Problem statement
The listing below is to be given again in full and word for word, without its images.

Available data
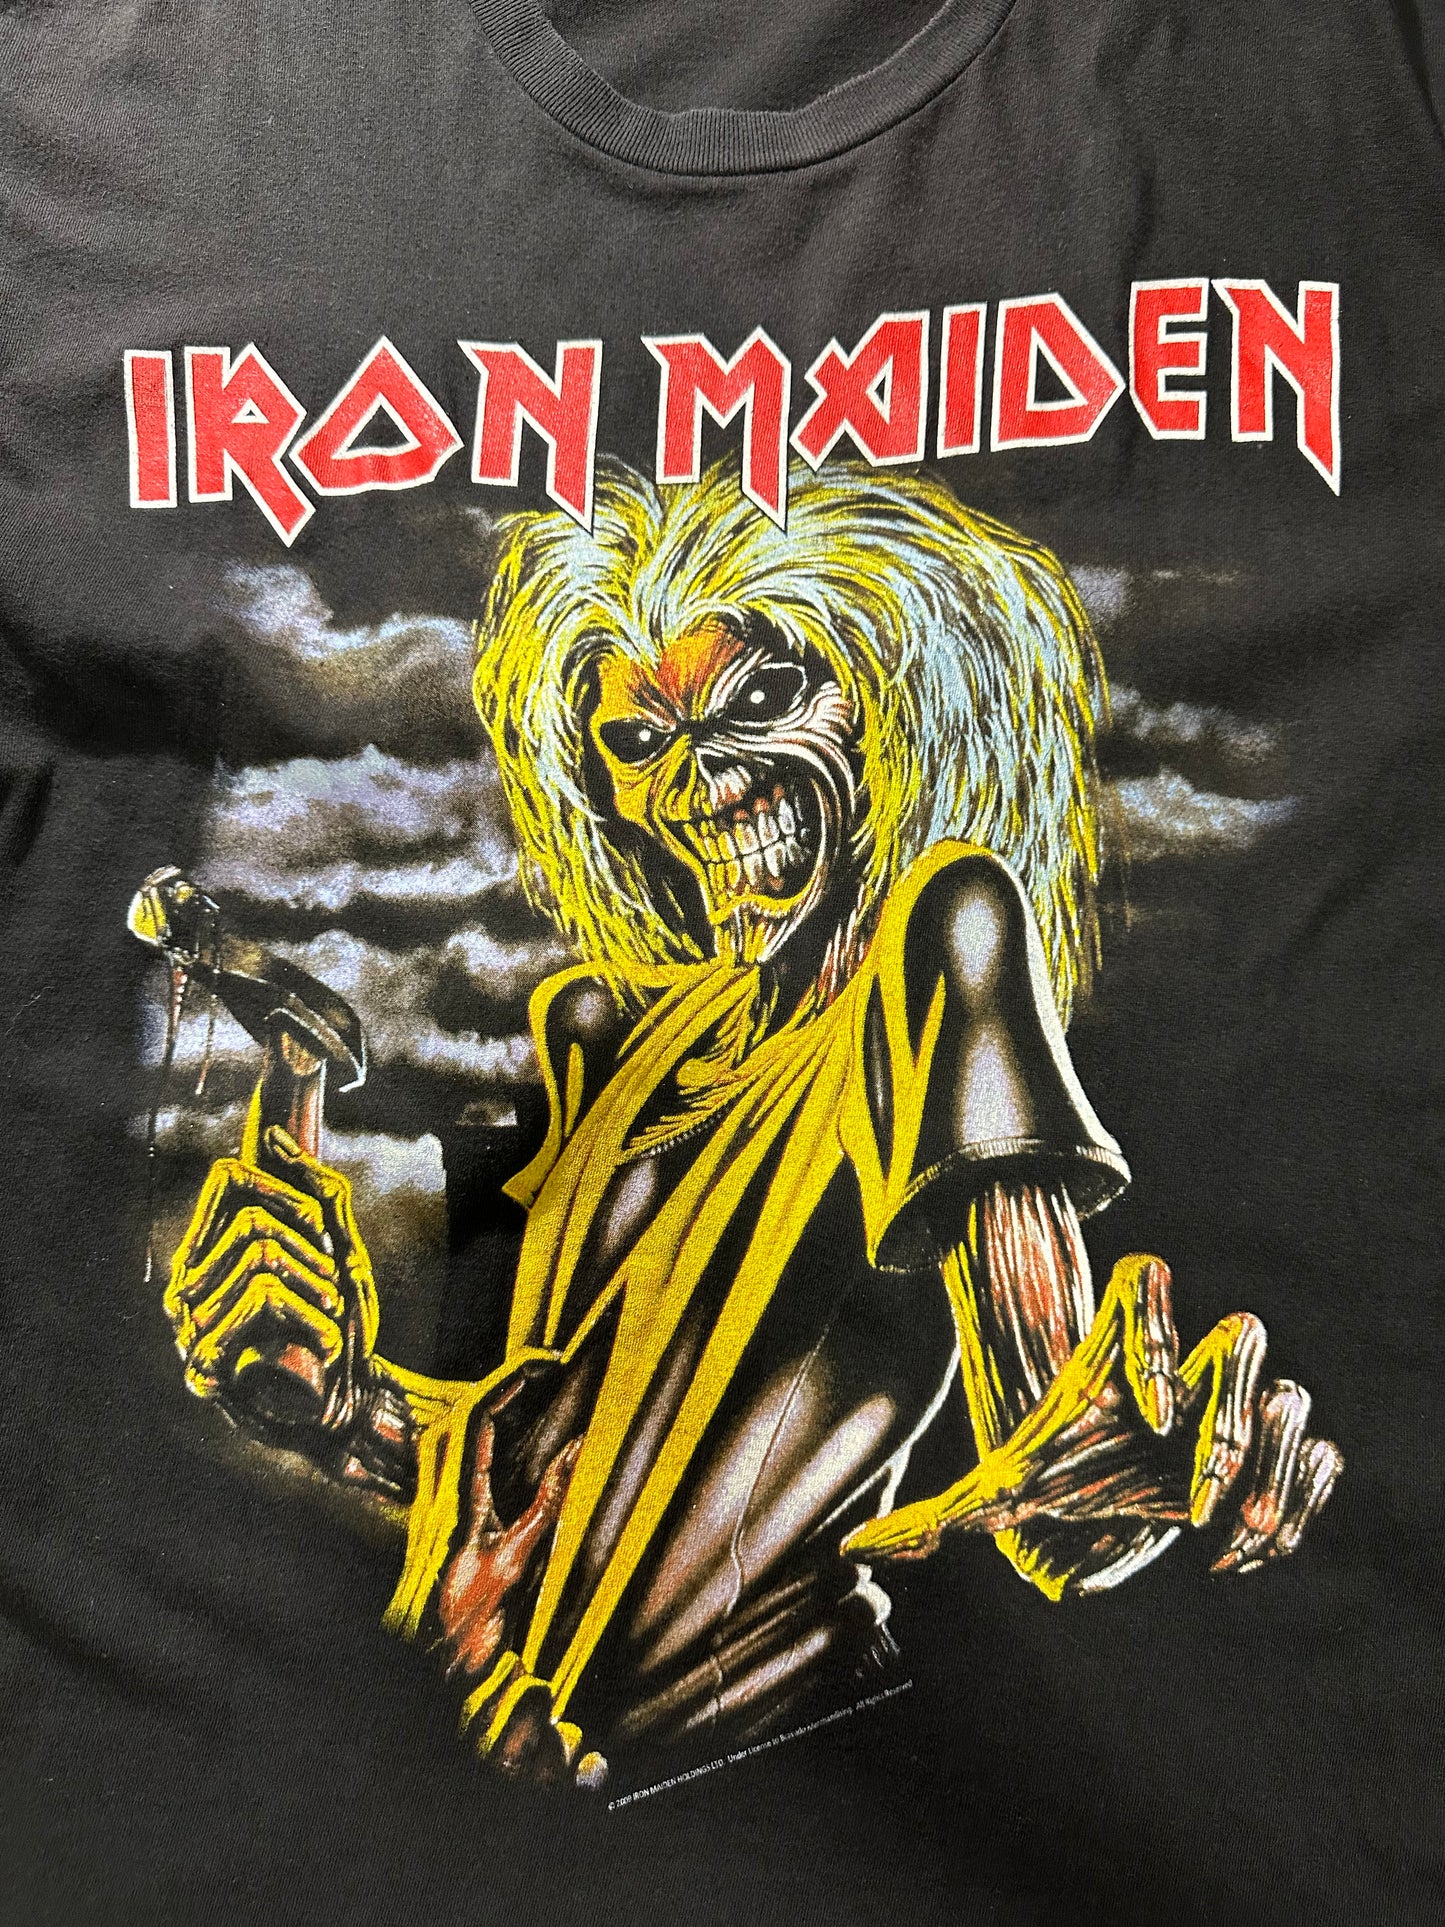 Iron maiden band t-shirt
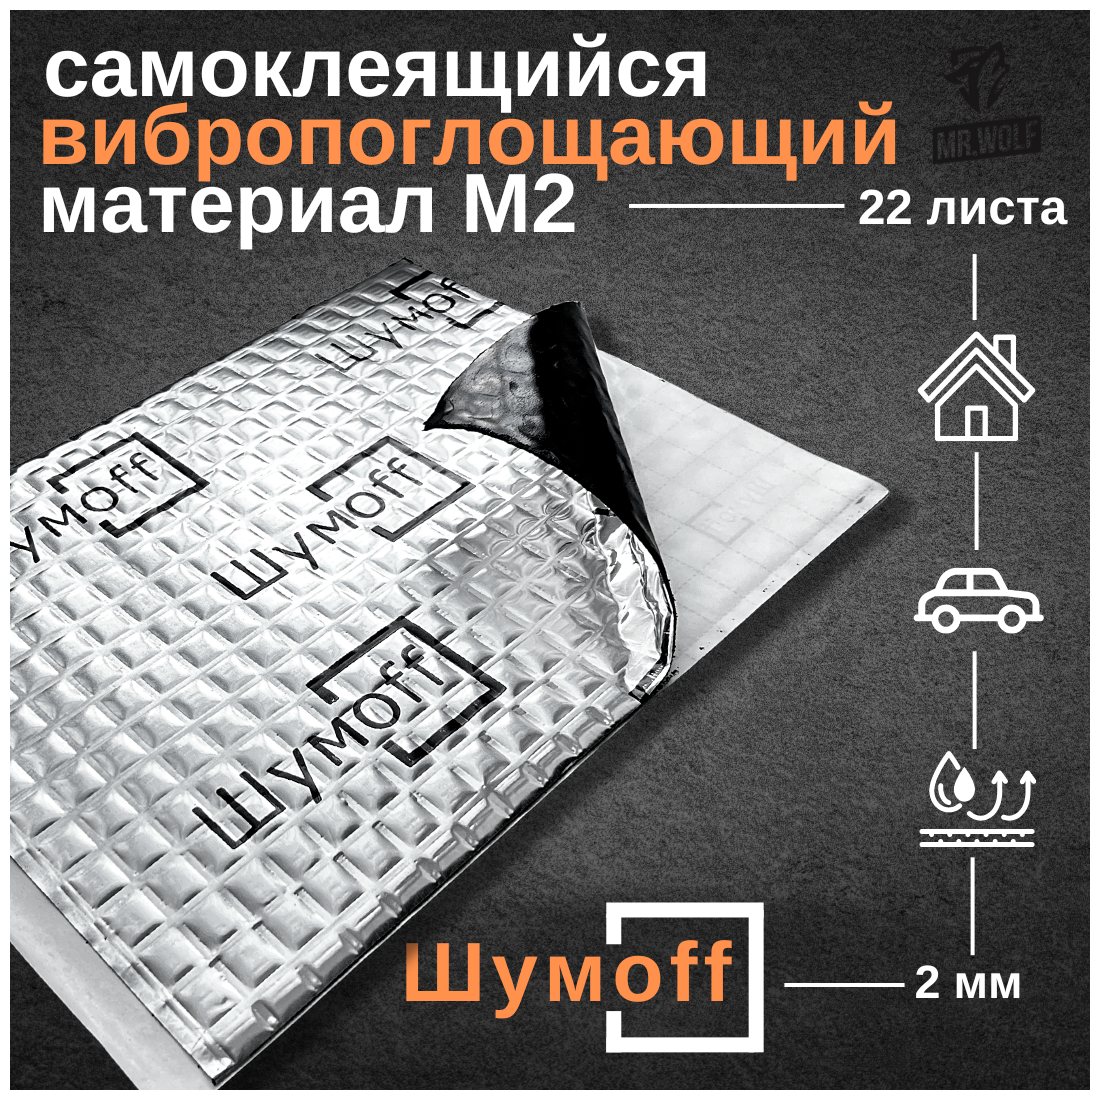 Шумоизоляция для автомобиля виброизоляция шумофф М2 1 лист (0.1 кв. м)
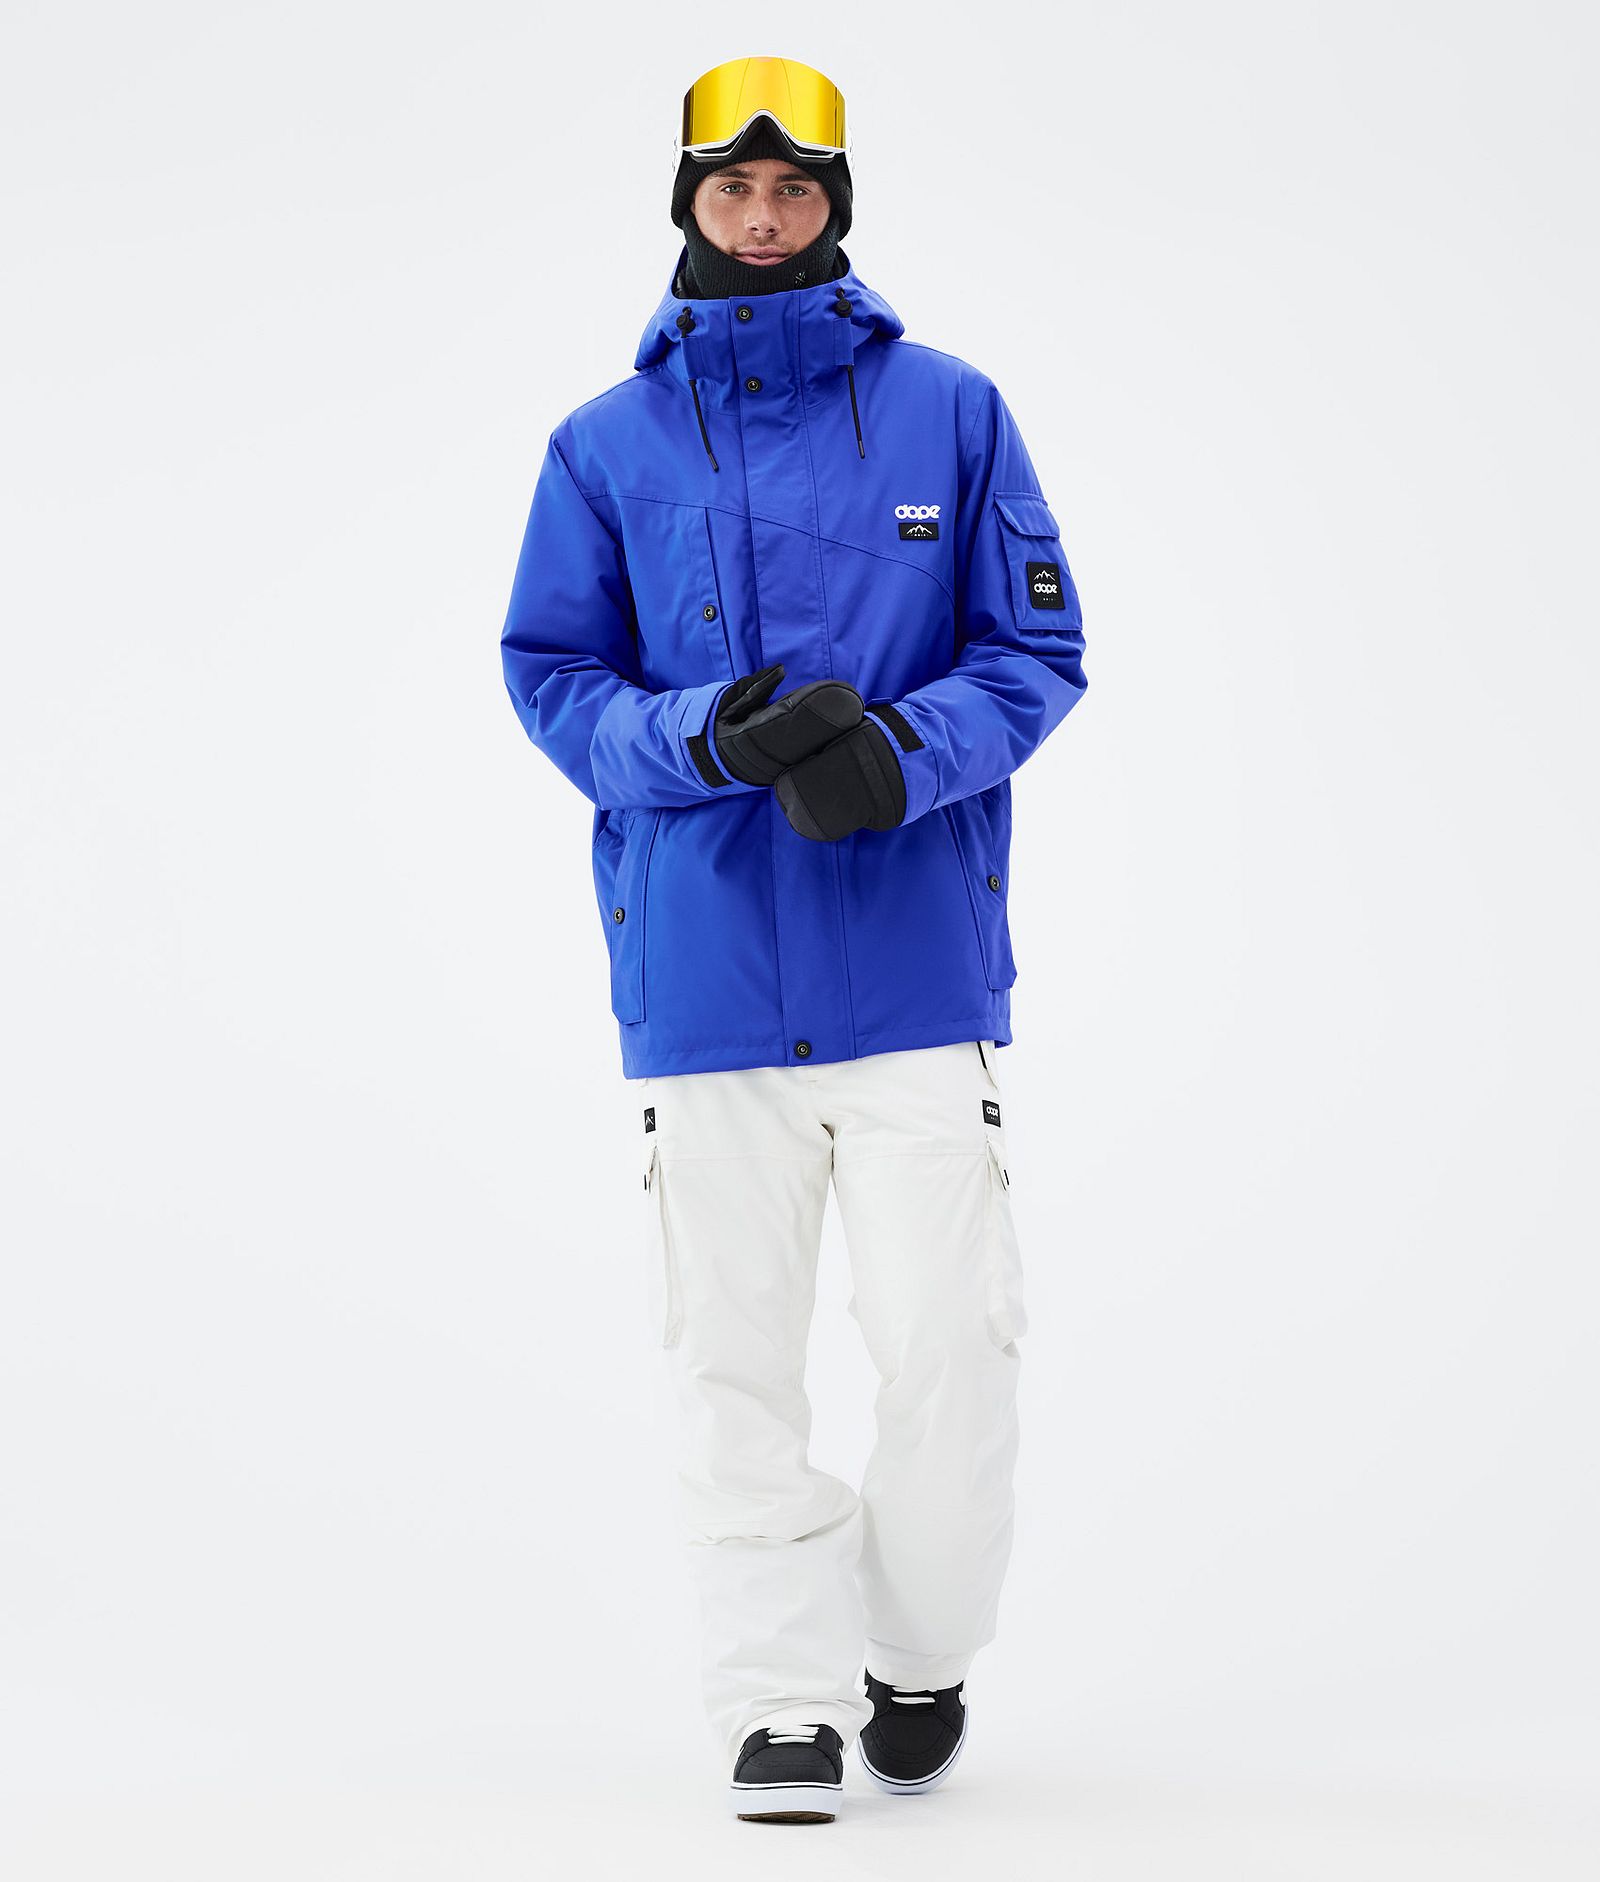 Adept Snowboard Jacket Men Cobalt Blue

Written reply
 Iron maiden band t-shirt
 Шумоизоляция для автомобиля виброизоляция шумофф М2 1 лист (0.1 кв. м)
 Adept Snowboard Jacket Men Cobalt Blue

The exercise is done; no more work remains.